Activity: Take the lines from the one containing "c4c1576094e77e7b9b409bc5f1f7e42e" through the end of the material and write them out exactly, omitting pictures.

Data:

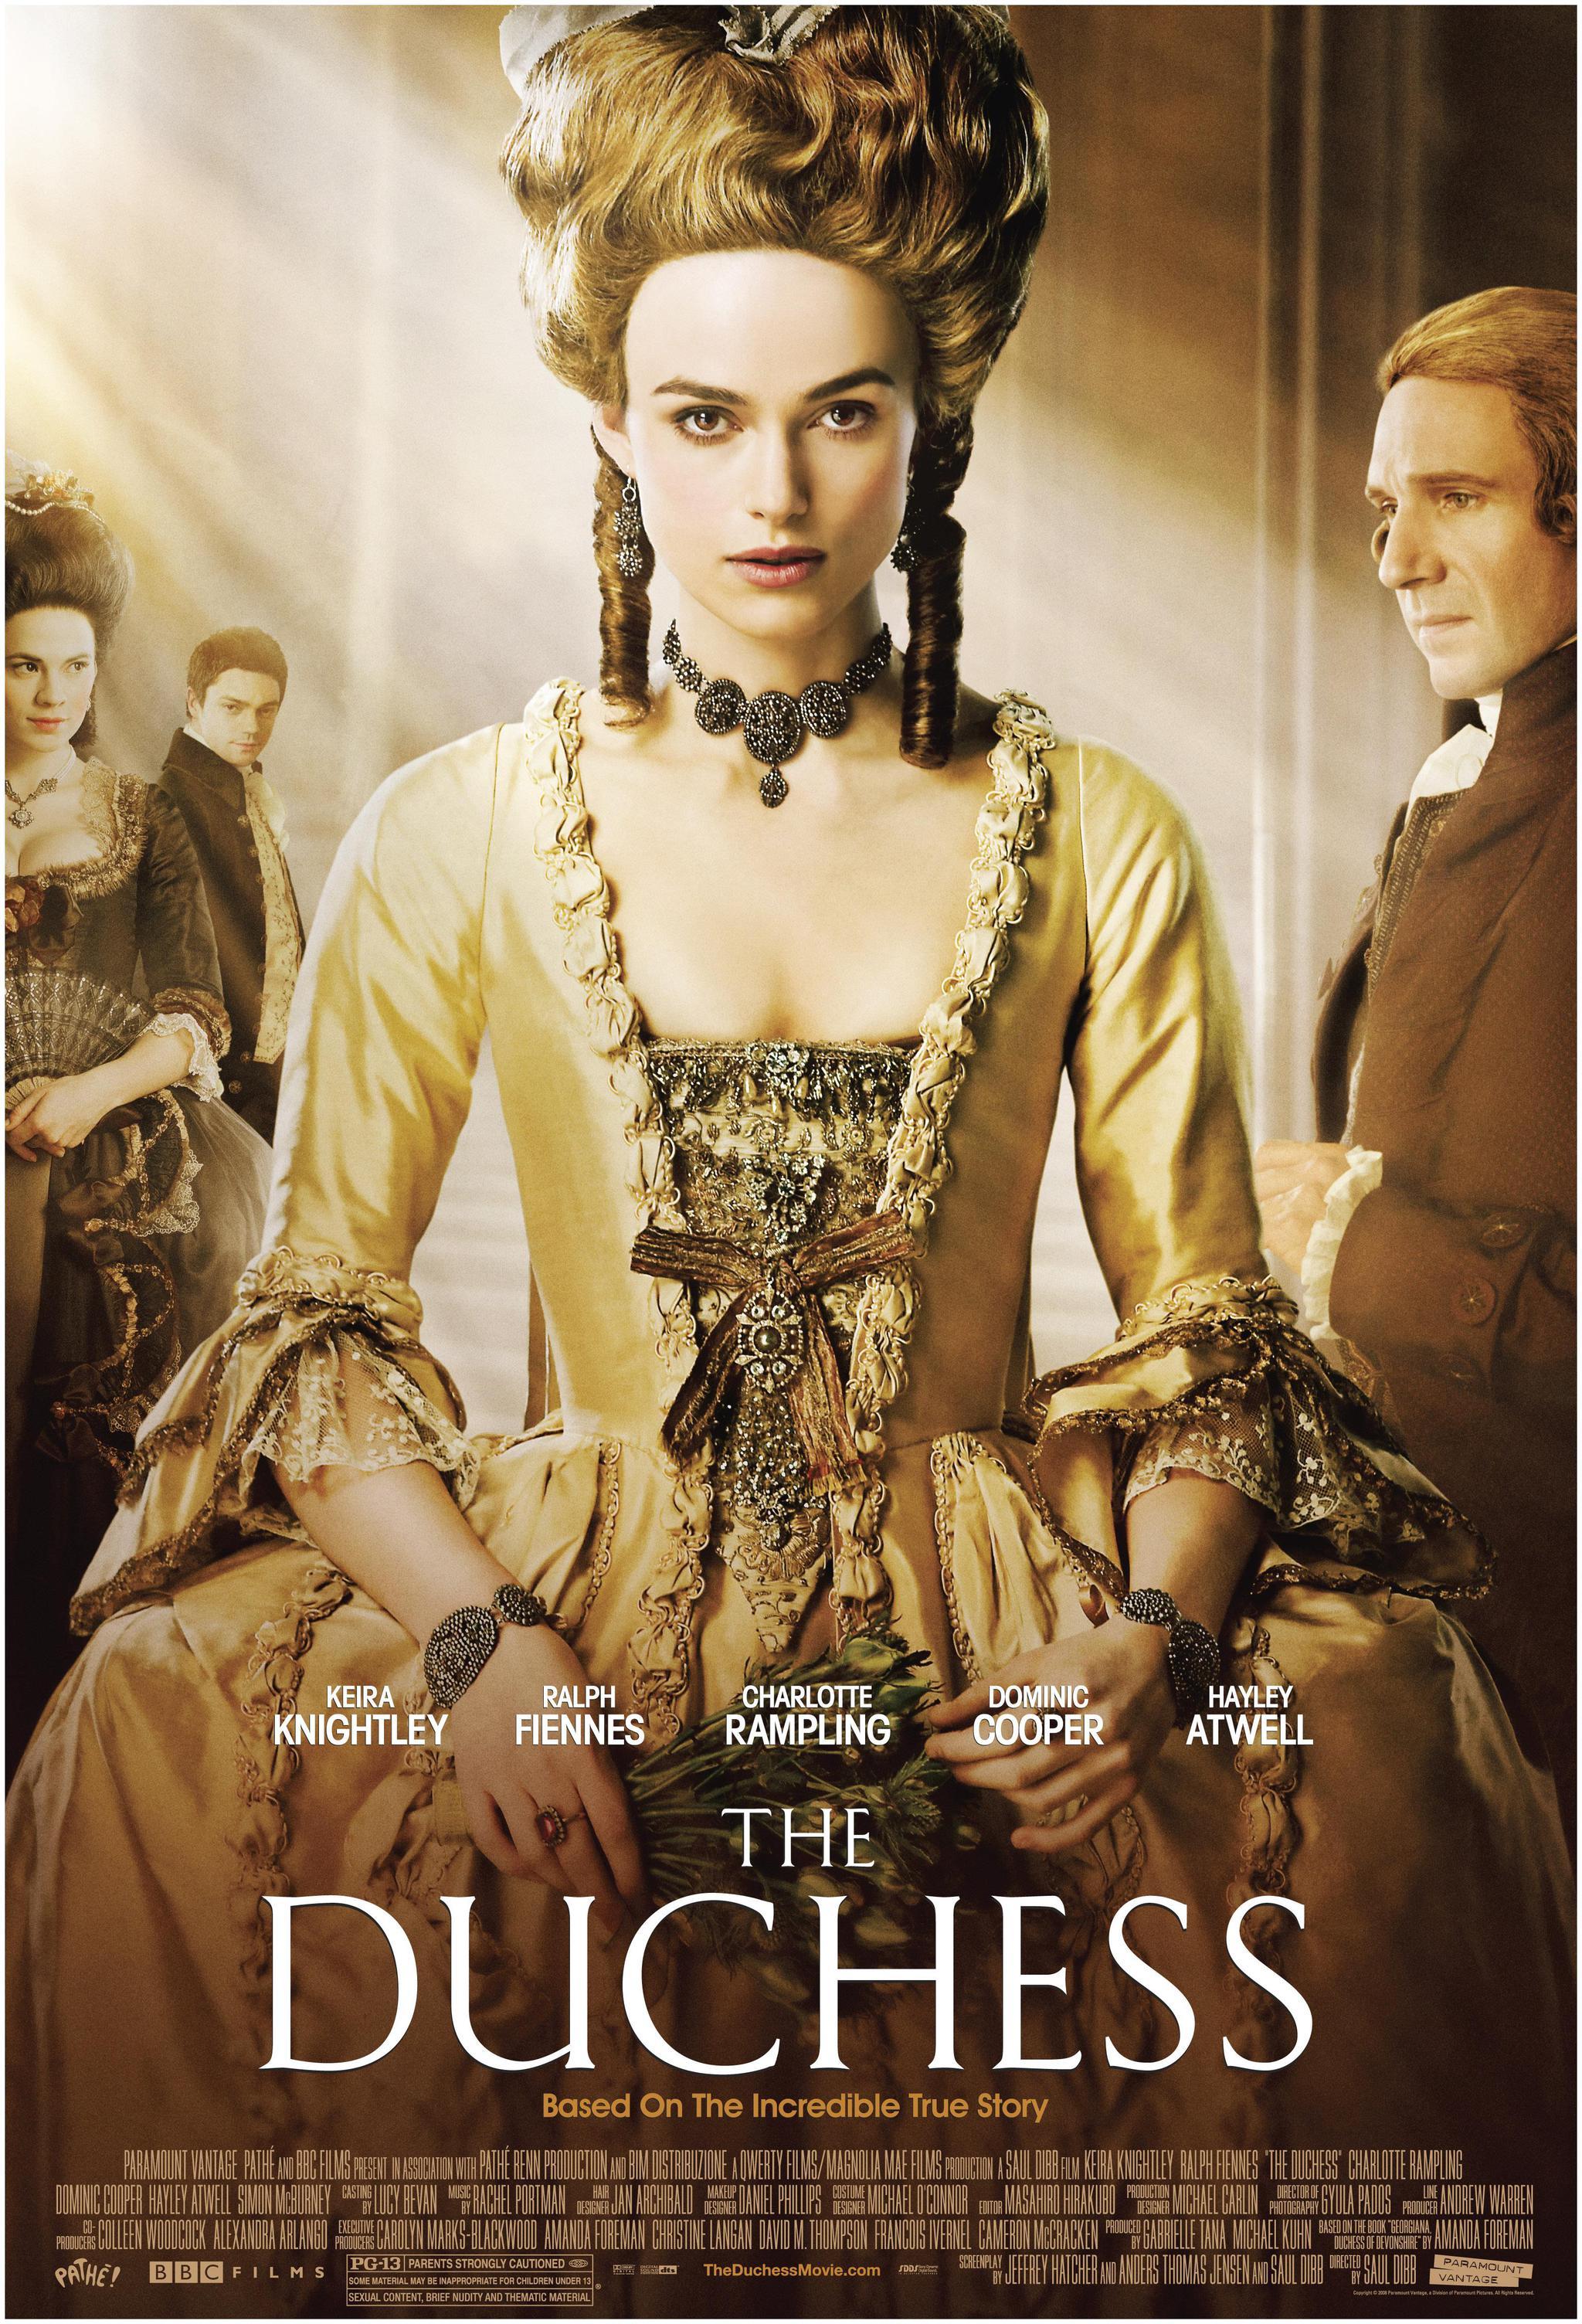 《公爵夫人》:人人艳羡的上流贵妇,竟是囚禁在牢笼里的金丝雀?
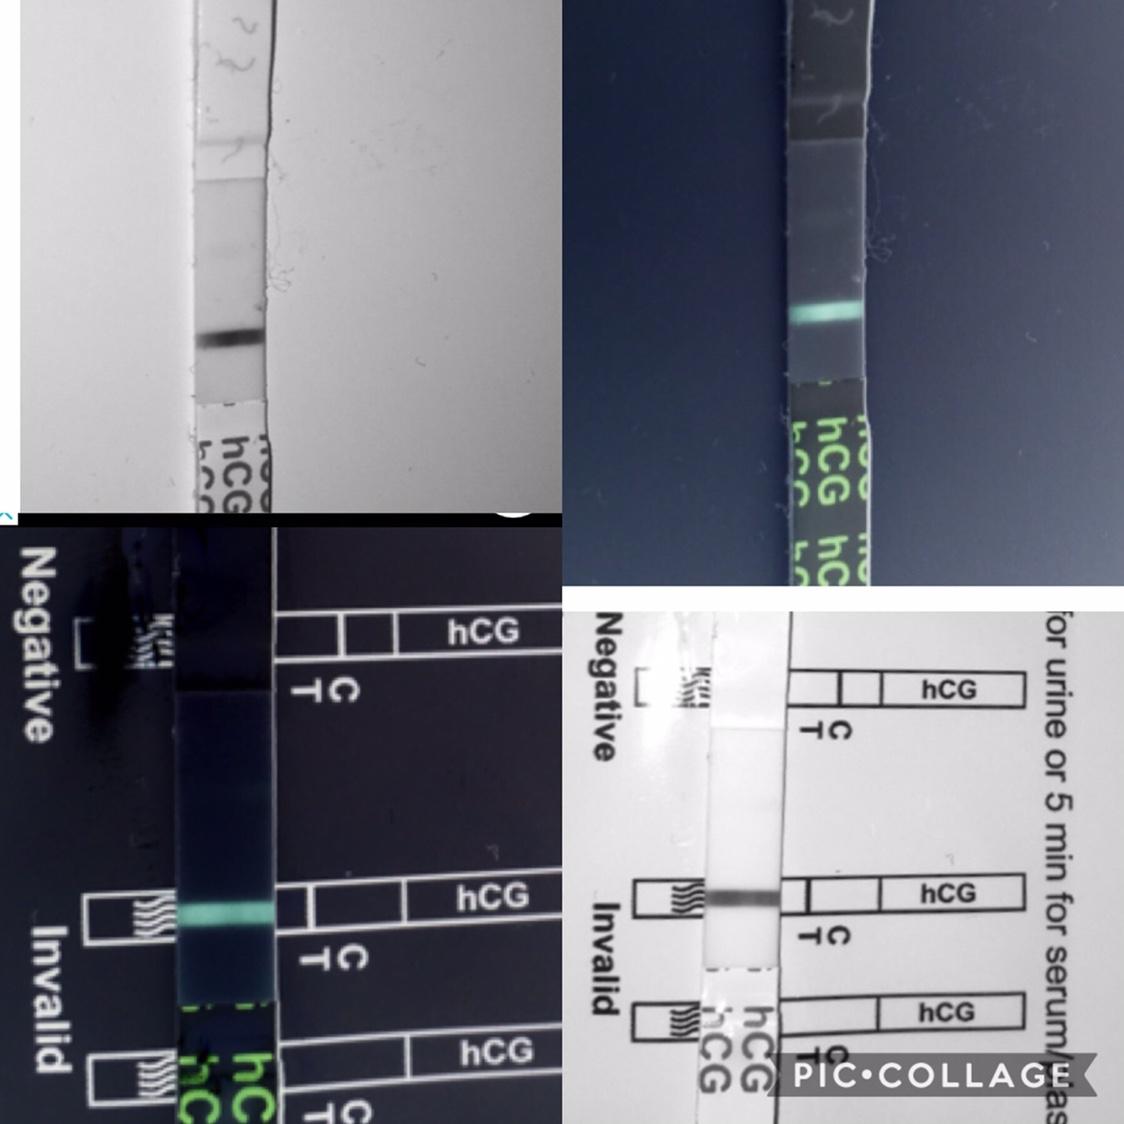 c4c1576094e77e7b9b409bc5f1f7e42e
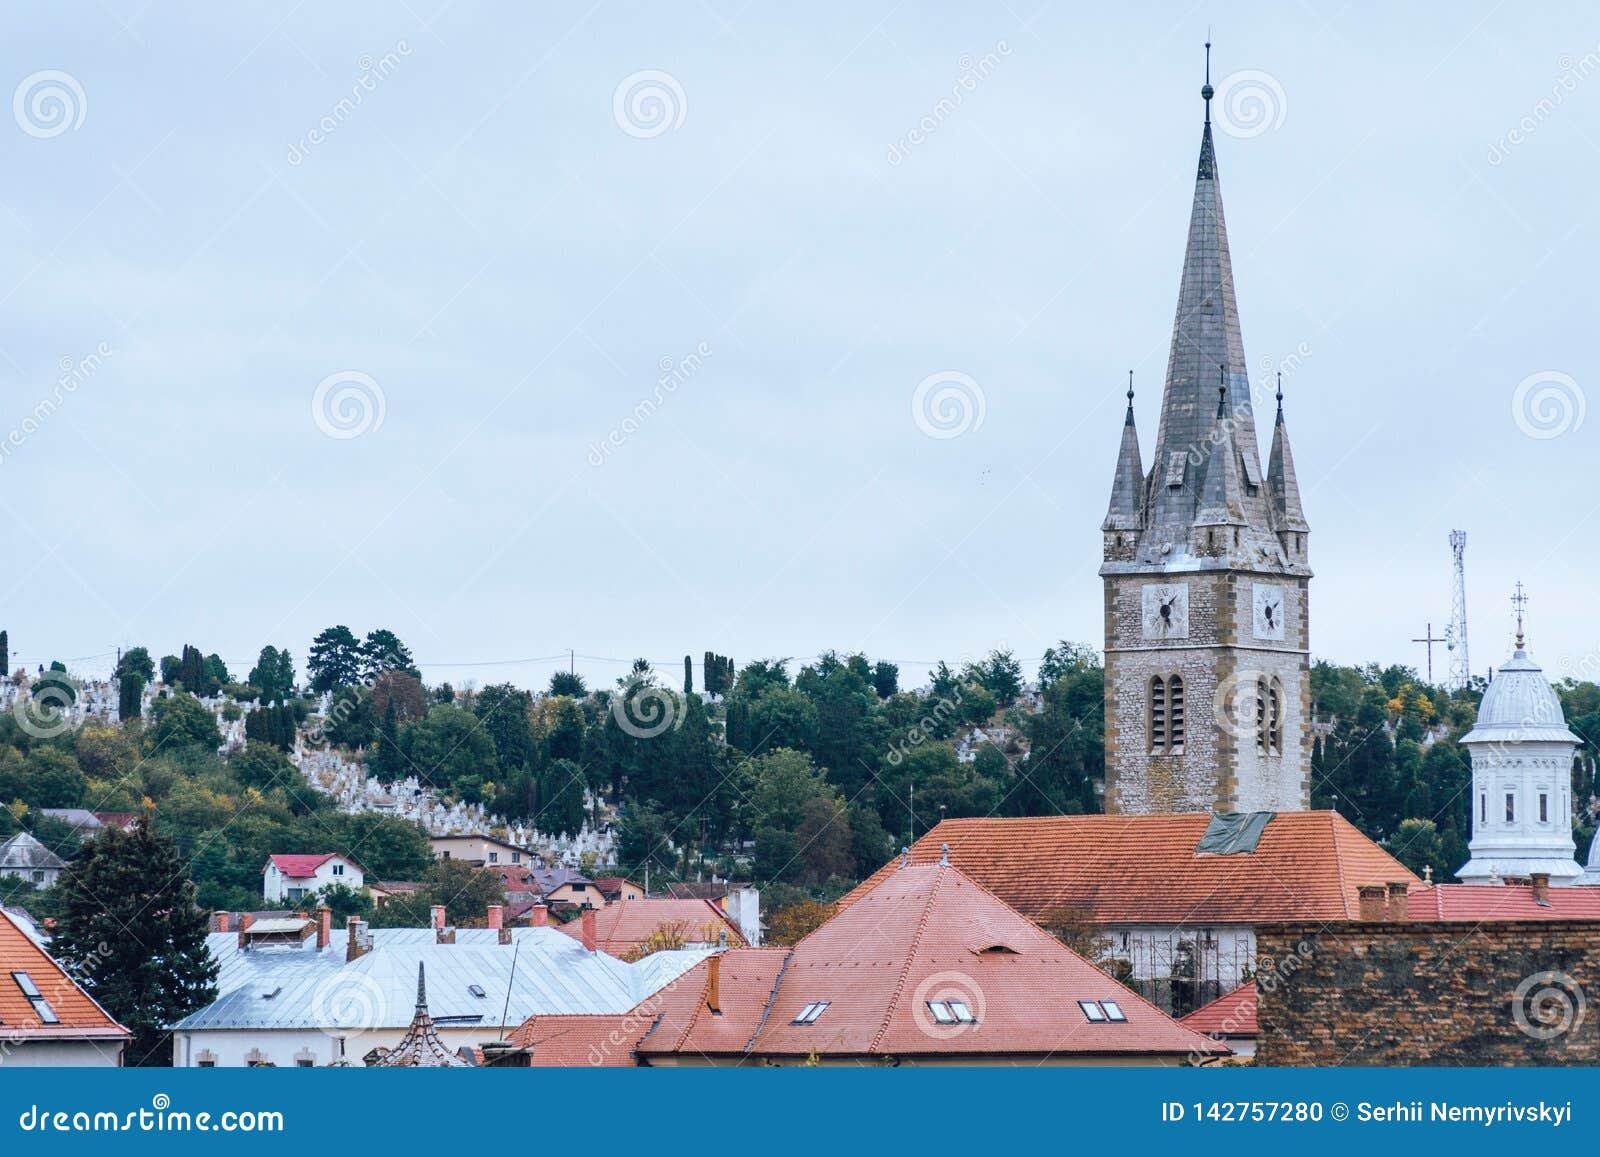 Ansicht der Stadt, Dachspitzen, eine Kapelle auf der Hauptstraße Turda Rumänien

Output of the exercise:
 c4c1576094e77e7b9b409bc5f1f7e42e
 Ansicht der Stadt, Dachspitzen, eine Kapelle auf der Hauptstraße Turda Rumänien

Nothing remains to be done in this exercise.